JACQUELINE ARCE, ET AL. PLAINTIFFS AND APPELLANTS,
v.
COUNTY OF LOS ANGELES, ET AL., DEFENDANTS AND RESPONDENTS. JAQUELINE ARCE, ET AL. PLAINTIFFS AND APPELLANTS,
v.
CHILDRENS HOSPITAL LOS ANGELES, ET AL., DEFENDANTS AND RESPONDENTS.



(Los Angeles County Super. Ct. No. BC420124) APPEAL from a judgment of the Superior Court of Los Angeles County. Kenneth R. Freeman, Judge.

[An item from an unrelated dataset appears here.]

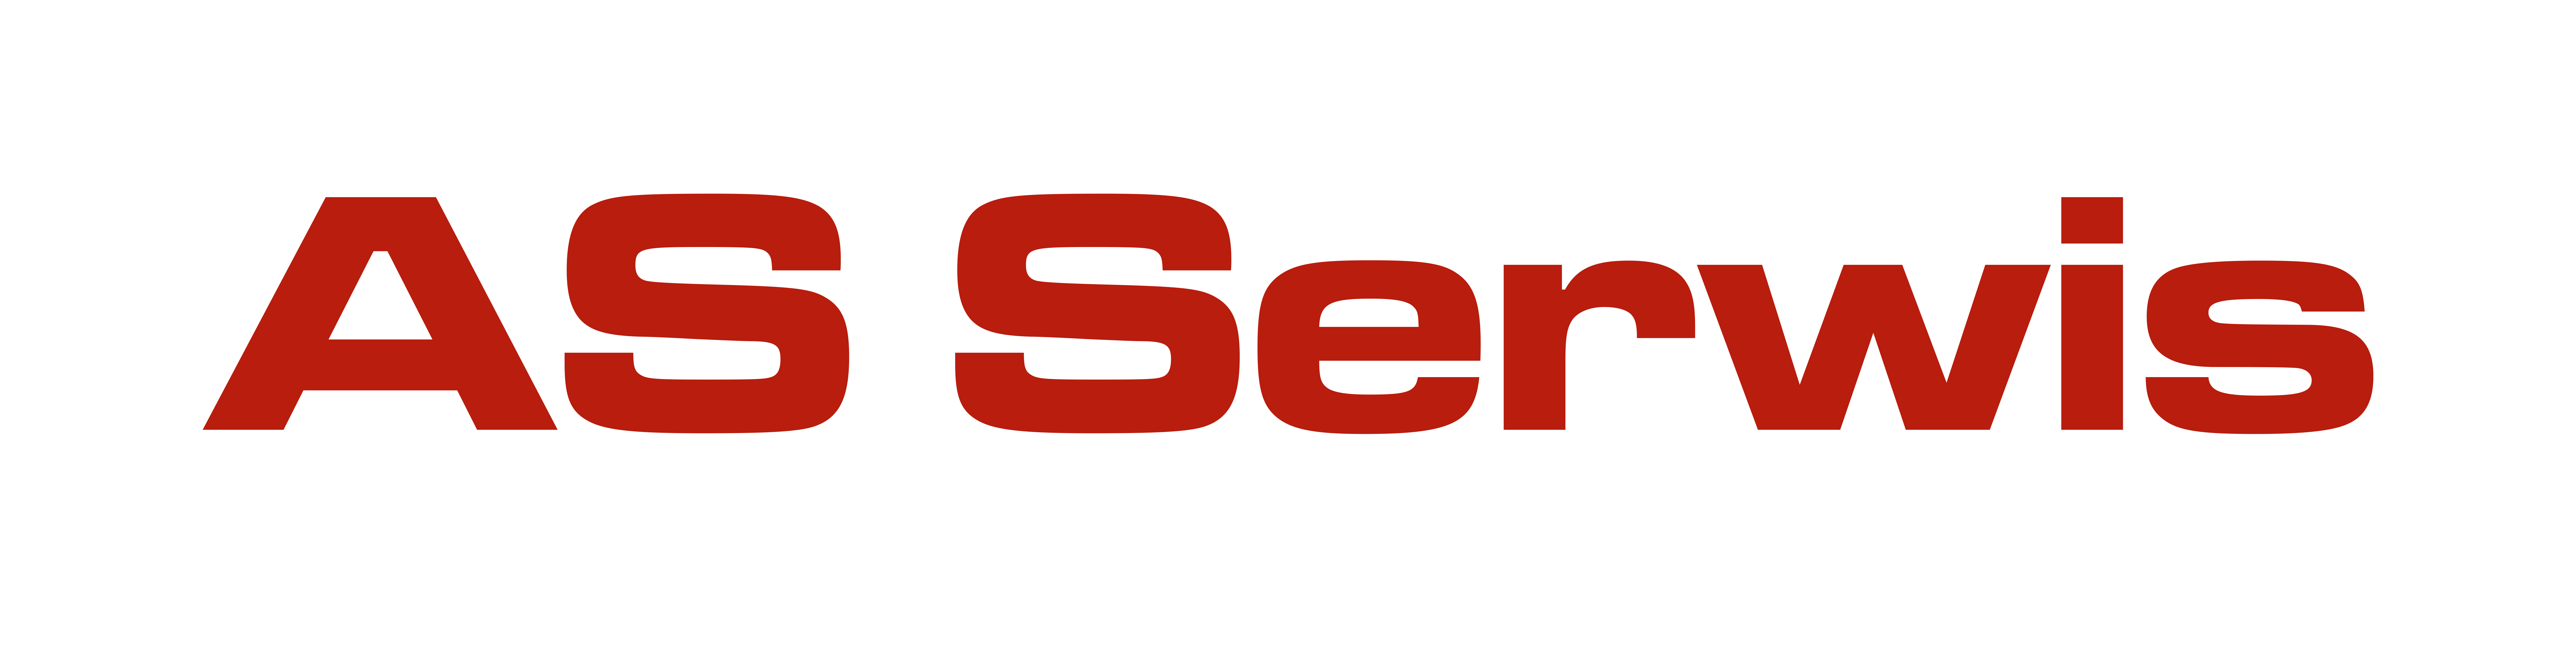 AS Serwis logo

The opinion of the court was delivered by: Zelon, J.

CERTIFIED FOR PUBLICATION

Reversed.

INTRODUCTION

Appellants Jacqueline Arce, Antonio L. and their children, A.L. and N.L., filed an action alleging that the County of Los Angeles, the Los Angeles Department of Children and Family Services (DCFS) and Childrens Hospital Los Angeles (CHLA) violated their constitutional rights by detaining both children without judicial authorization or adequate cause. They also alleged that DCFS made knowingly false and malicious statements during dependency proceedings and that a CHLA social worker harassed the parents after the children were returned to their custody. The complaint asserted numerous state and federal claims, including violations of 42 U.S.C. section 1983. Each defendant filed a demurrer to the complaint.

The trial court sustained the demurrers without leave to amend, concluding that: (1) plaintiffs' allegation that A.L. was diagnosed with "Shaken Baby Syndrome" demonstrated that exigent circumstances supported the temporary detention of both children; and (2) CHLA was immune from plaintiffs' state law claims pursuant to Penal Code section 11172.

Plaintiffs appeal the judgment dismissing their section 1983 claims and various state law claims. We reverse the judgment and conclude that plaintiffs have adequately stated claims under section 1983, but not under state law.*fn1

FACTUAL AND PROCEDURAL BACKGROUND

A. Summary of Plaintiffs' Complaint

1. Summary of factual allegations in plaintiffs' second amended complaint

In August of 2009, Jacqueline Arce (mother), Antonio L. (father) and their two sons, A.L. and N.L. (the children), filed a complaint alleging numerous federal and state claims against the County of Los Angeles (the County), the Los Angeles Department of Children and Family Services (DCFS), Childrens Hospital Los Angeles (CHLA) and numerous individuals employed by each of those entities.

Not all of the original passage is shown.